571 Background: Time interval from diagnostic biopsy to neoadjuvant chemotherapy (NACT) start (TBC) and from last chemotherapy application to surgery (TCS) are influenced by many factors. It is unclear whether a delay of systemic therapy or surgery impacts patients (pts) outcome. Methods: 9127 pts with early BC from 6 German neoadjuvant trials receiving an anthracycline-taxane based NACT were included. pCR (ypT0/is ypN0), disease free survival (DFS) and overall survival (OS) were compared according to TBC and TCS length (cut-off of ≤4 vs >4weeks (w)), overall and in subgroups (BC subtypes [luminal, HER2+, triple-negative breast cancer (TNBC)] and pCR [yes vs no] for survival endpoints) adjusted by study. Results: Data on TBC were available for 8072 pts, on TCS for 6420, on follow-up (FU) for 7889. Median age was 49 yrs, 25.6% had cT3-4, 48.6% N+, 44.1% G3, 46.0% luminal, 26.4% TNBC, 27.6% HER2+ tumors. Median (m) FU-time was 65 months [0-201]. mTBC was 23 days [0-228] (67.5% ≤4w vs 32.5% >4w), mTCS was 28d [0-204] (53.7% ≤4w vs 46.3% >4w), with inter-study variability for mTBC ranging from 14 to 32d and for mTCS ranging from 24 to 29d from the oldest to the most recently conducted study. TBC did not influence the pCR rate, neither in all patients nor in subgroups.

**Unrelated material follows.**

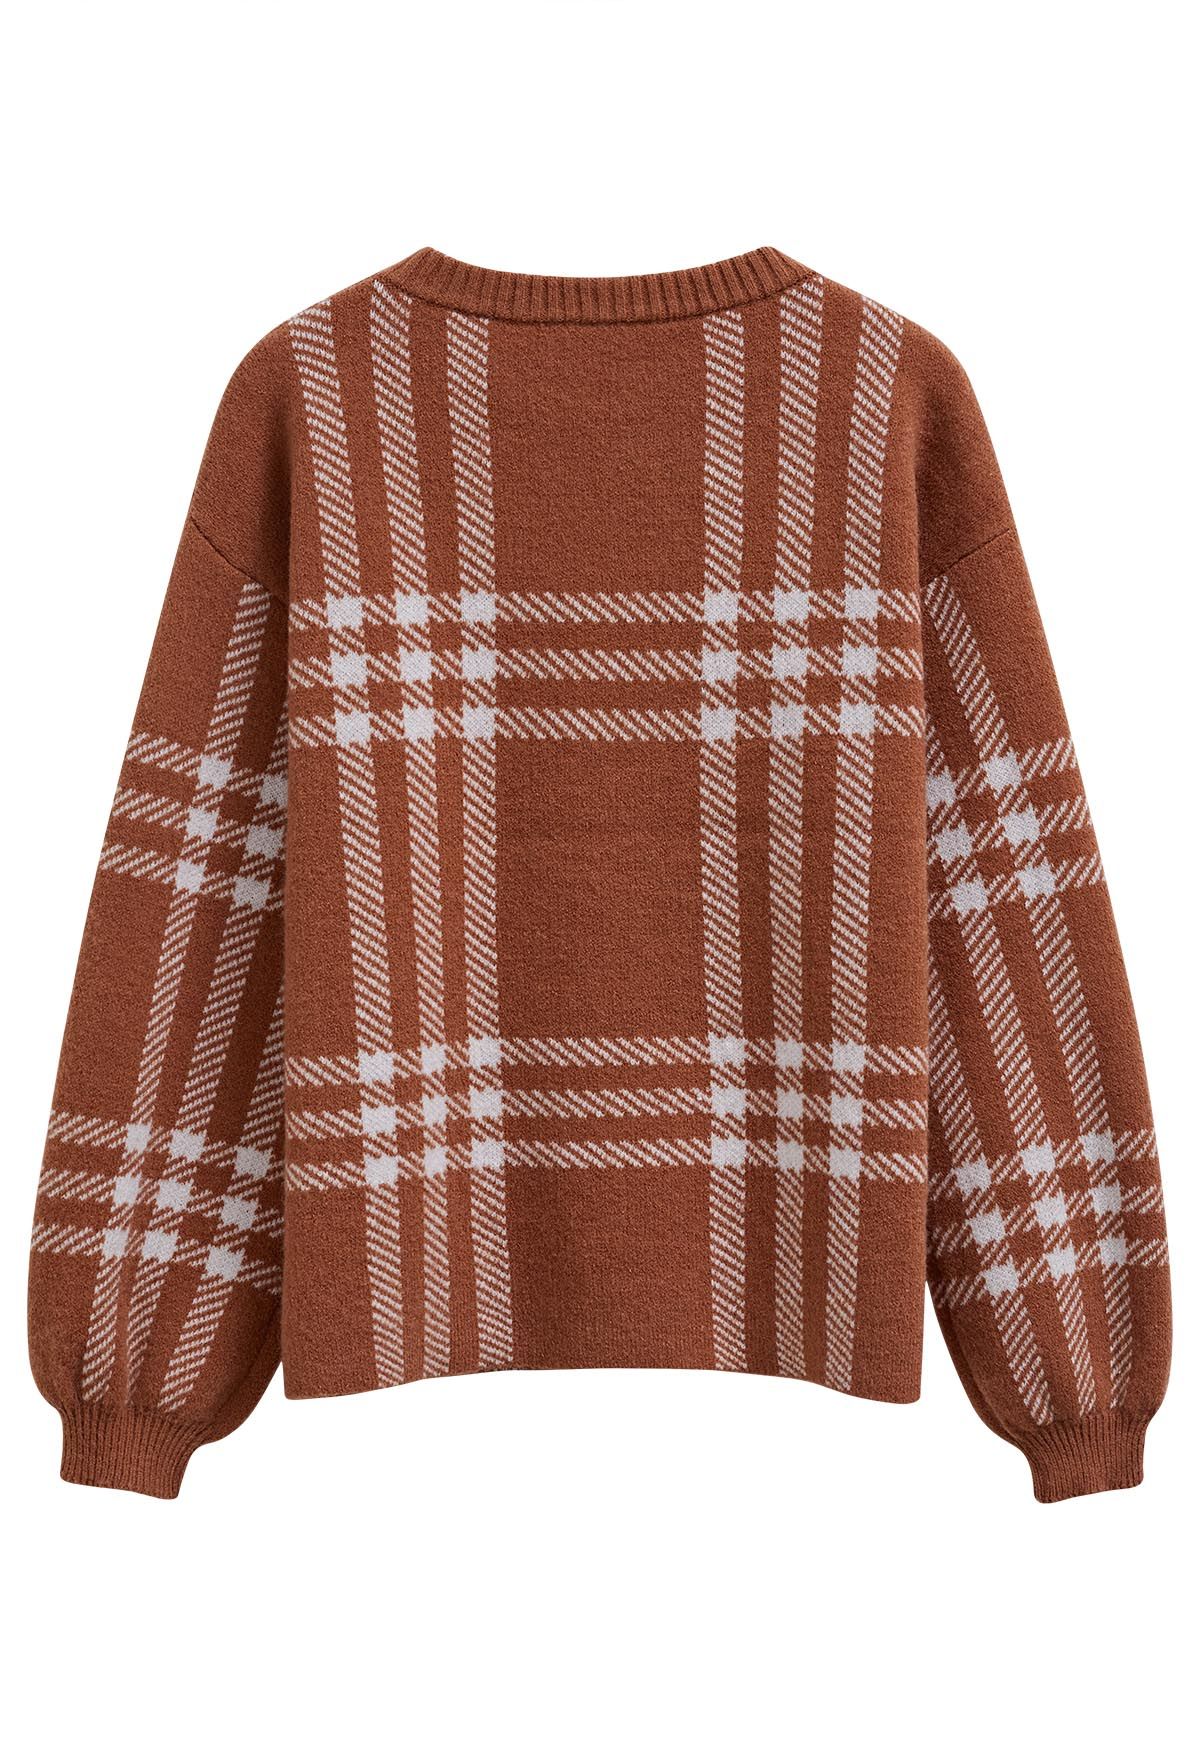 Classic Plaid Round Neck Knit Sweater in Caramel - Retro, Indie and ...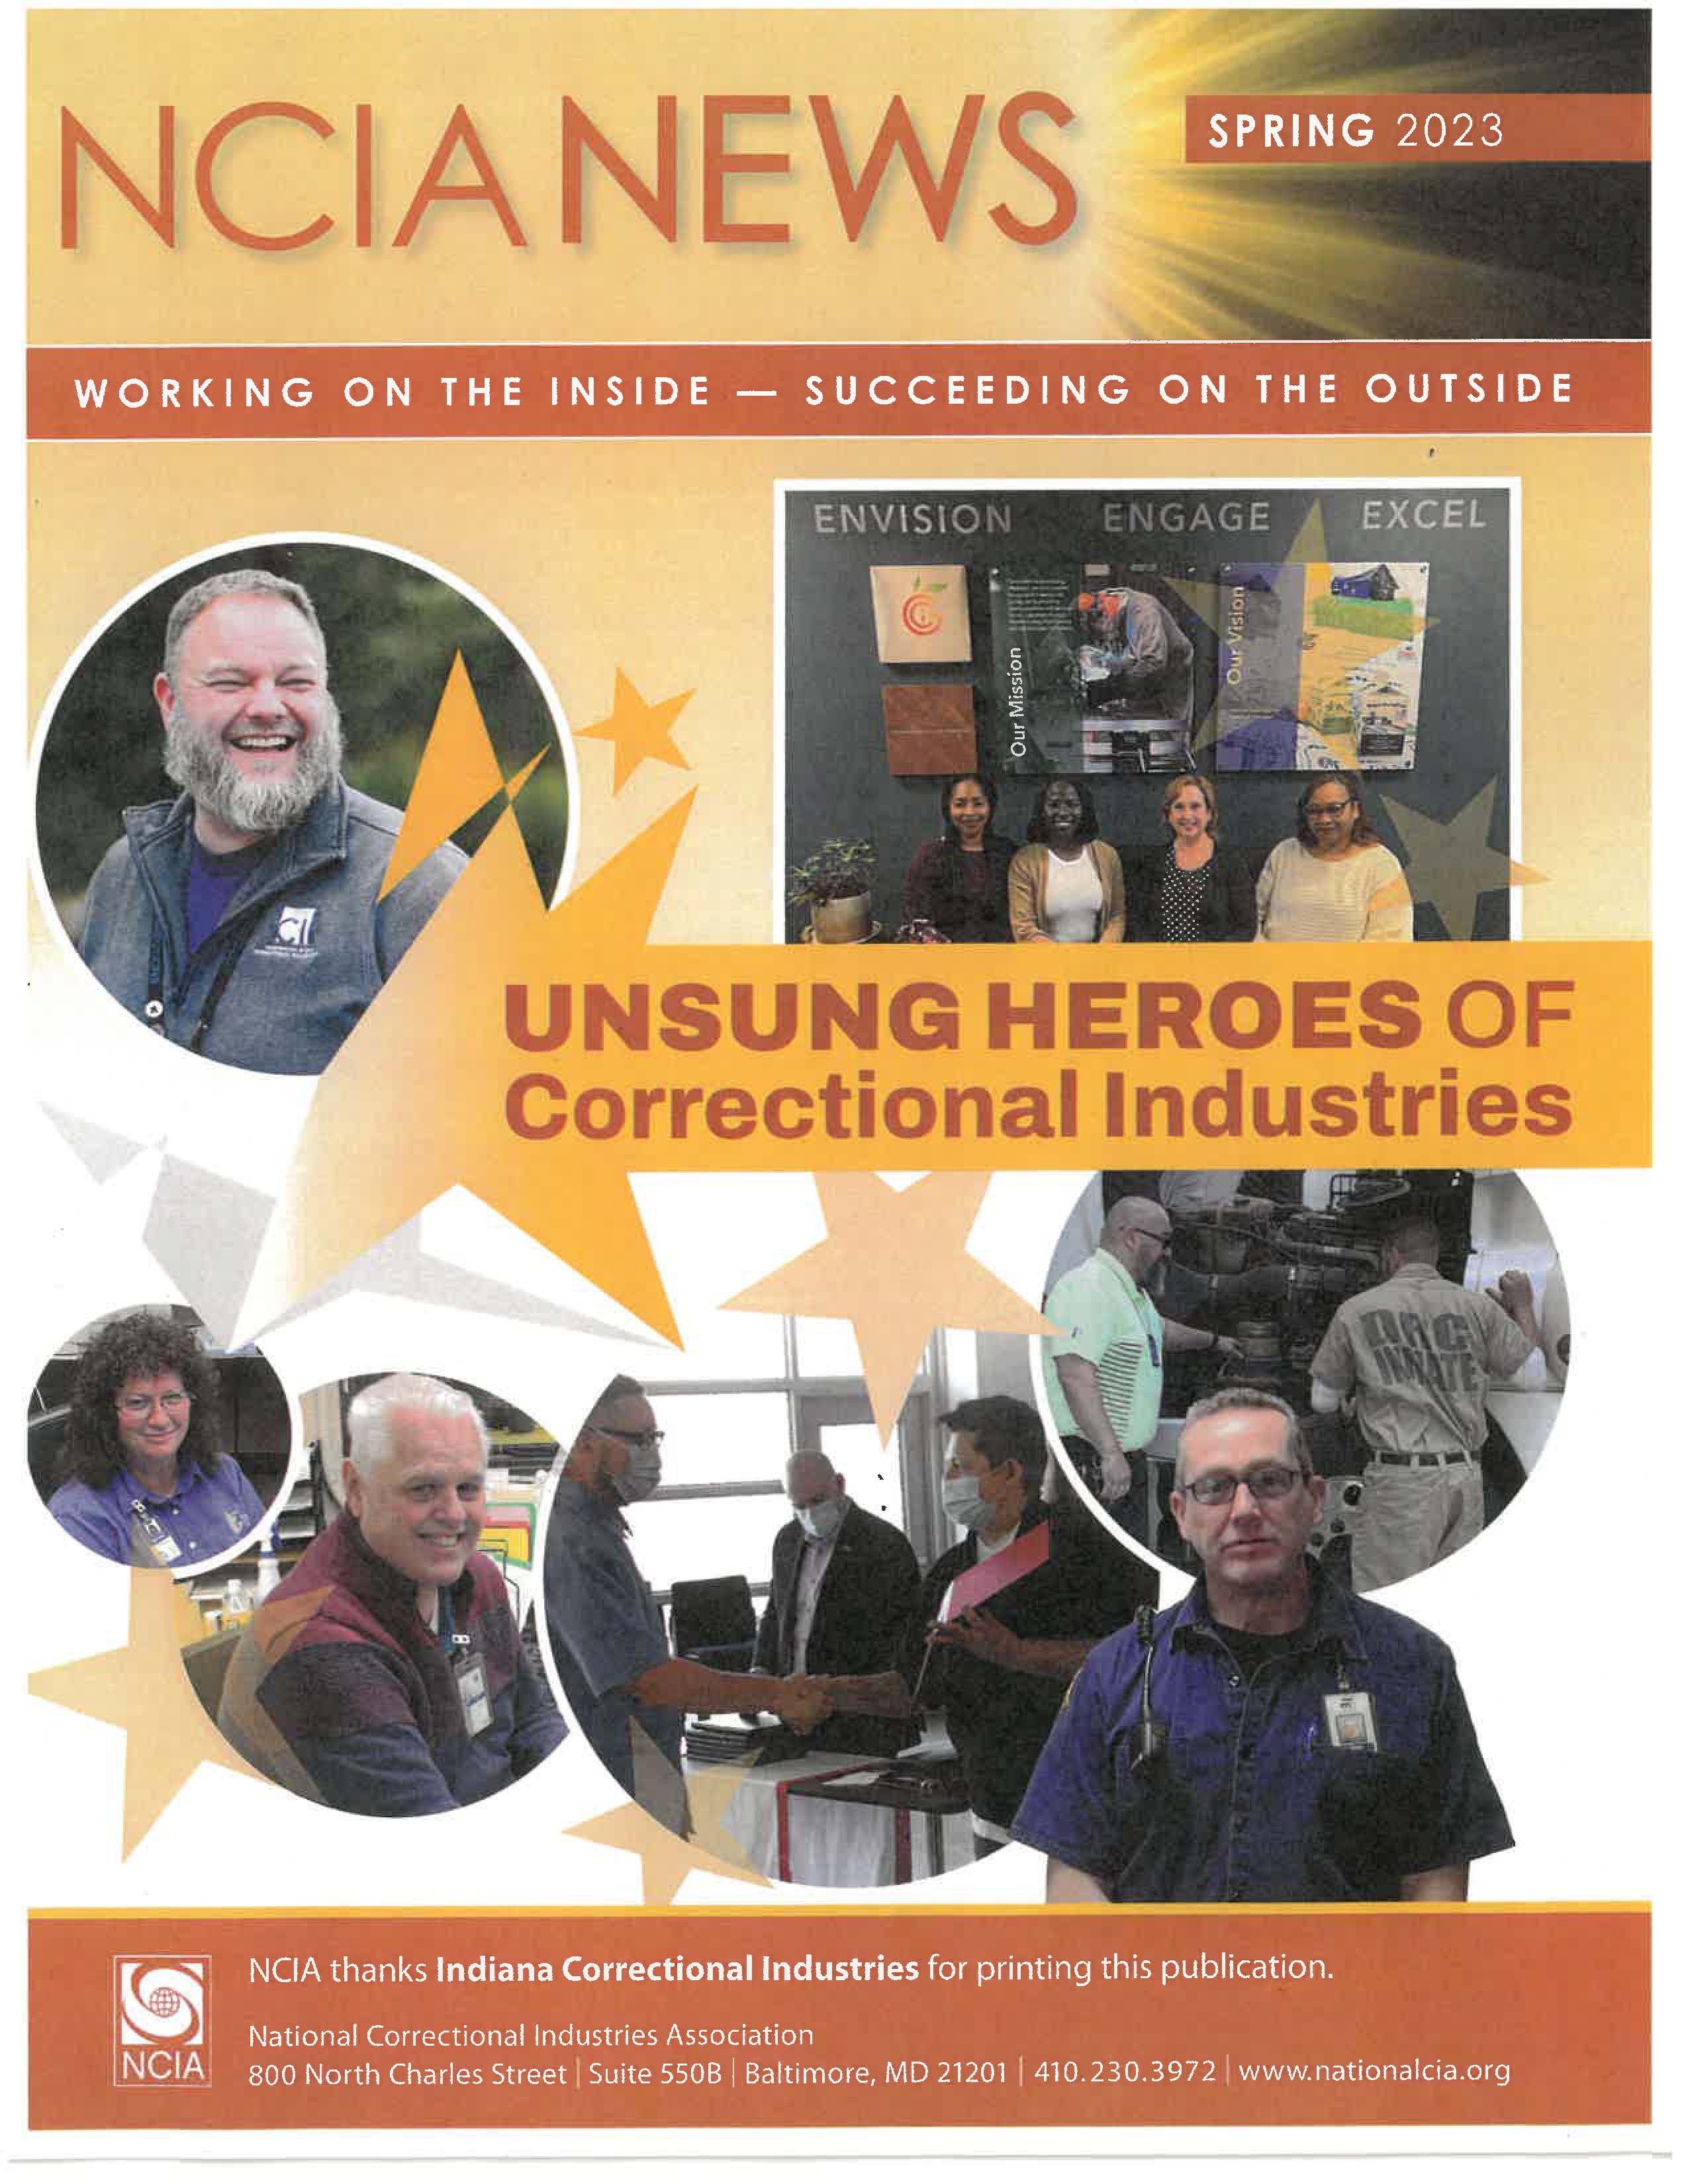 The cover of the NCIA News spring edition

At multivariable logistic regression analysis TBC length did not independently predict pCR. TBC did not influence DFS or OS, neither in all patients nor in subgroups. TCS<4w was associated with a trend towards a better DFS in all patients (HR=1.11 95%CI (0.99-1.24), p=0.08) and in pts not achieving pCR (HR=1.12, 95%CI (0.99-1.26), p=0.08). No difference was observed within BC subtypes. OS was not impacted by TCS length. At multivariable Cox regression analysis TBC or TCS≤4 vs >4w did not independently influence DFS or OS. Conclusions: A delay in starting NACT does not impact the pCR rate, DFS or OS and results are independent of the subgroup. However, early surgery after NACT in pts without pCR seems to influence outcome. Our analysis is explorative, but indicates for the first time, that time interval of starting NACT and undergoing surgery might be uncritical. Further research is ongoing.